*** Opening of Recorded data ***

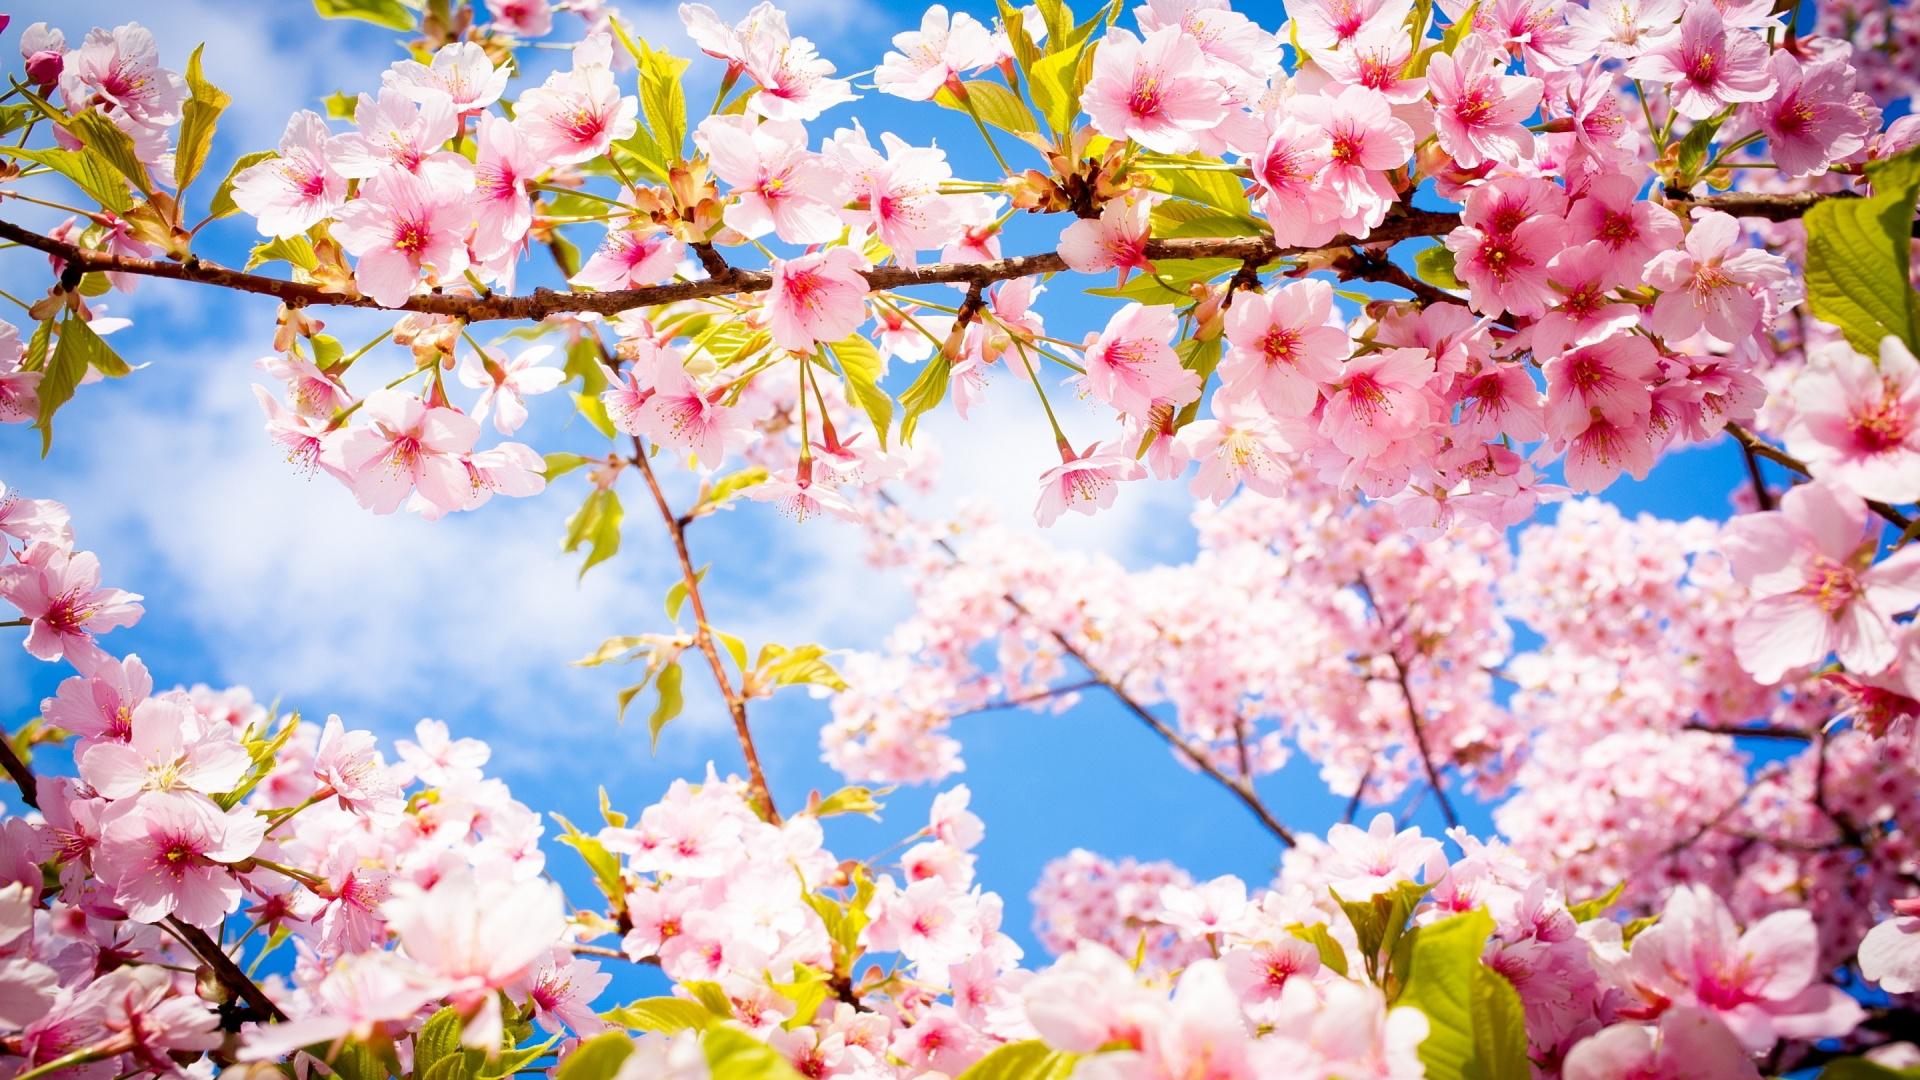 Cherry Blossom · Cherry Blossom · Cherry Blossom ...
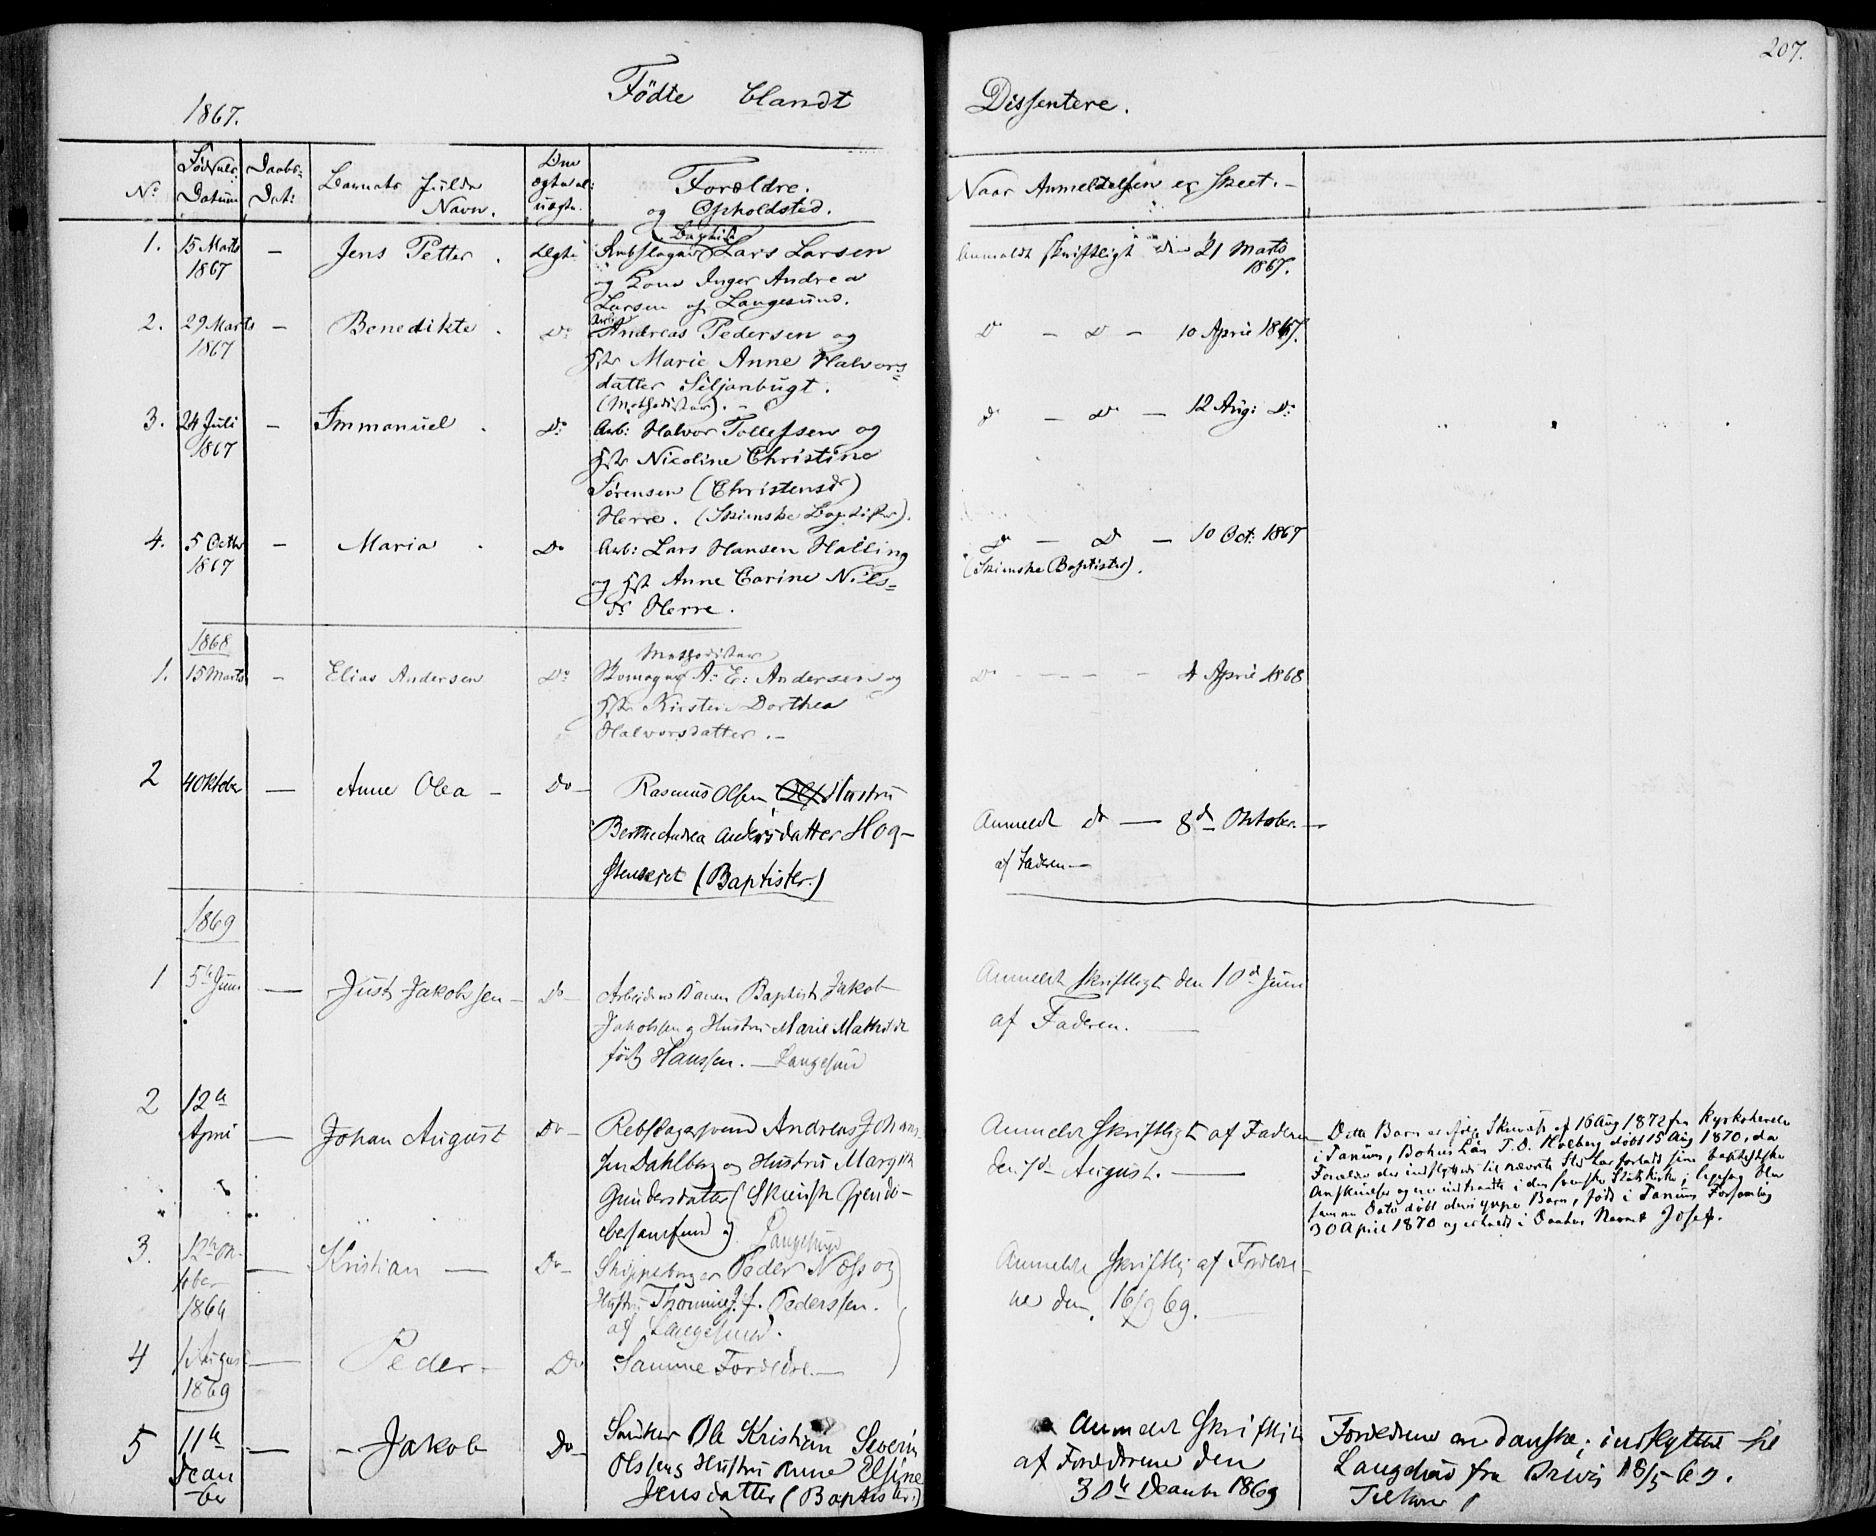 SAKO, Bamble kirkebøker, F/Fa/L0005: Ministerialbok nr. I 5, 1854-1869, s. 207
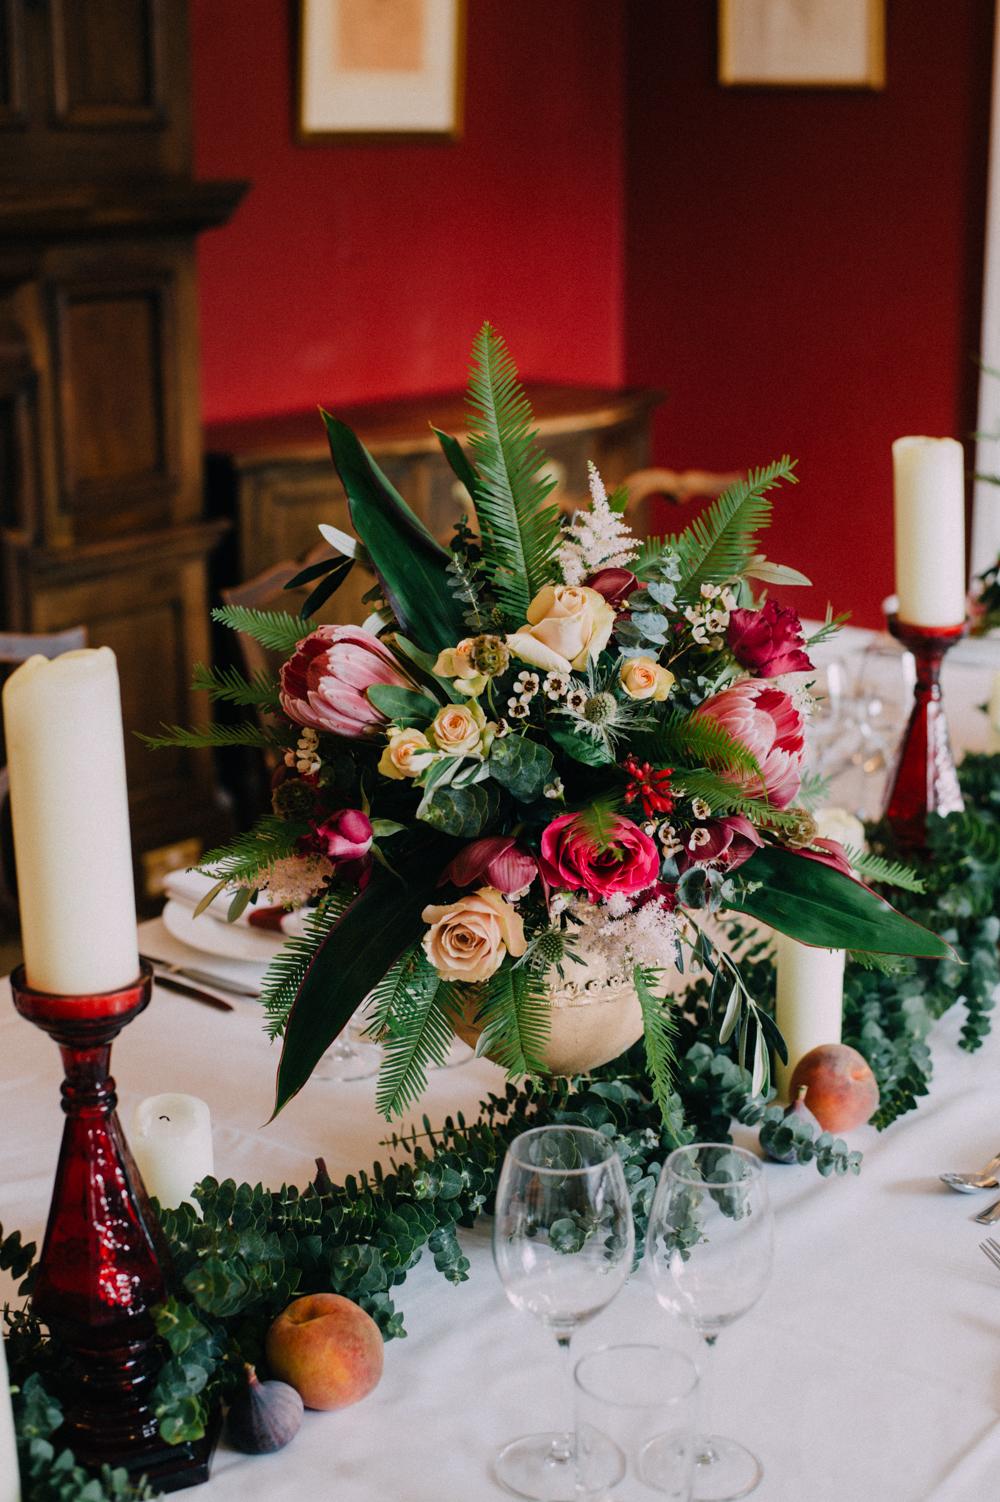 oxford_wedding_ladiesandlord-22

*** Close of Recorded data ***

* **What you are asked to do**:
Leaving out the pictures, output each line above exactly as it is.

* **Result below**:
 Cherry Blossom · Cherry Blossom · Cherry Blossom ...
 SAKO, Bamble kirkebøker, F/Fa/L0005: Ministerialbok nr. I 5, 1854-1869, s. 207
 oxford_wedding_ladiesandlord-22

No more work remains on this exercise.